The Guidelines specifically take into consideration that a child can have more than 2 legal parents. Children having more than two legal parents have family circumstances justifiably warranting in-depth analysis. Courts may give due consideration for the practical and economic realities as to how both time and financial responsibility are shared among multiple legal parents. In all cases, courts should aim to find an equitable balance the best interests of the children and the legal parents’ rights.
UNINSURED MEDICAL EXPENSES
The Guidelines presume the first $250 of uninsured medical and dental expenses will be paid by the recipient. Amounts greater than $250 of uninsured medical and dental expenses will be allocated by judicial determination between the parents without an adjustment to child support.
COLLEGE
As before, parents can be responsible for up to 50% of the in-state cost of undergraduate tuition, room, and board at University of Massachusetts-Amherst. However, courts retain discretion as to ordering higher or lower contributions by one or the other parent.
Child support goes hand-in-hand with college considerations. Taking all factors into consideration, courts have ongoing options to extend, reduce, or fashion a different result for child support for children over age 18.
OTHER CHILDREN
For general clarification, children not covered by the case may be taken into account in adjusting the child support calculations.
MODIFICATIONS
A Modification of child support may be justifiable upon a showing that there has been a material “change in circumstances.” Current orders in effect could be a basis for seeking a Modification of the current orders. In particular, the circumstances that led to a child support deviation in a prior order which still apply would be part of a court’s consideration.
Calculating resulting changes using the updated guidelines will readily reveal what the new support order. A cost-benefit analysis of the likelihood of prevailing in court should be measured against the impact of difference between the old and new guideline orders.
CONCLUSION
While providing welcome clarifications on a number of key points, gaps still abound. One example pertains to parenting time. The child support guidelines worksheet considers two types of parenting plans: (1) child primarily live with one parent and spend about 1/3 of their time with the other parent; (2) the children live 50% of the time with each parent.
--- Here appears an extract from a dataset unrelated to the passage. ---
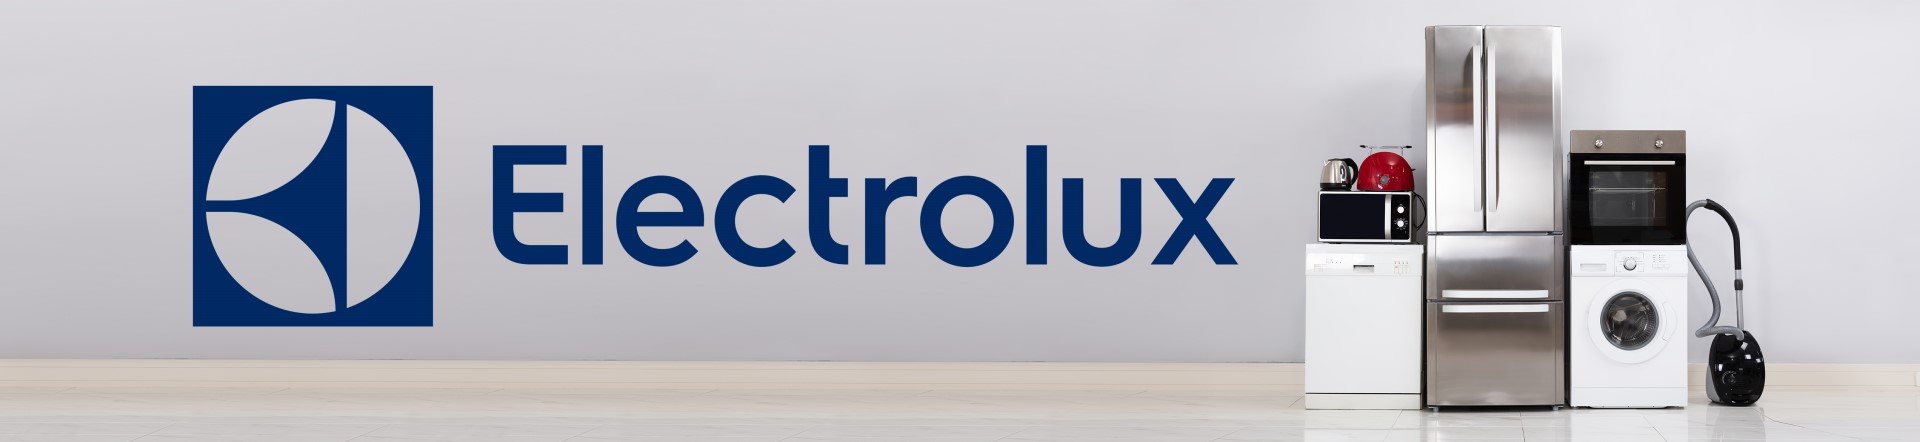 Electrolux: značka, která u svých spotřebičů spojuje inovaci s ekologií

What about circumstances in which parenting time is more than 50% but less than one-third? Although the guidelines indicate this is a circumstance that could justify a change, no clear guidance is given as to what the support should be in this situation.
The downside is that judges will have tremendous discretion; the upside is that parents and practitioners will have the opportunity to present the particular family circumstances to the judge in the hope that will lead to an equitable and tailored result.
On and after December 2025, clients and practitioners alike should engage in a review of past orders to ascertain possible results. Recalculations can lead to very meaningful changes considering the number of years at stake.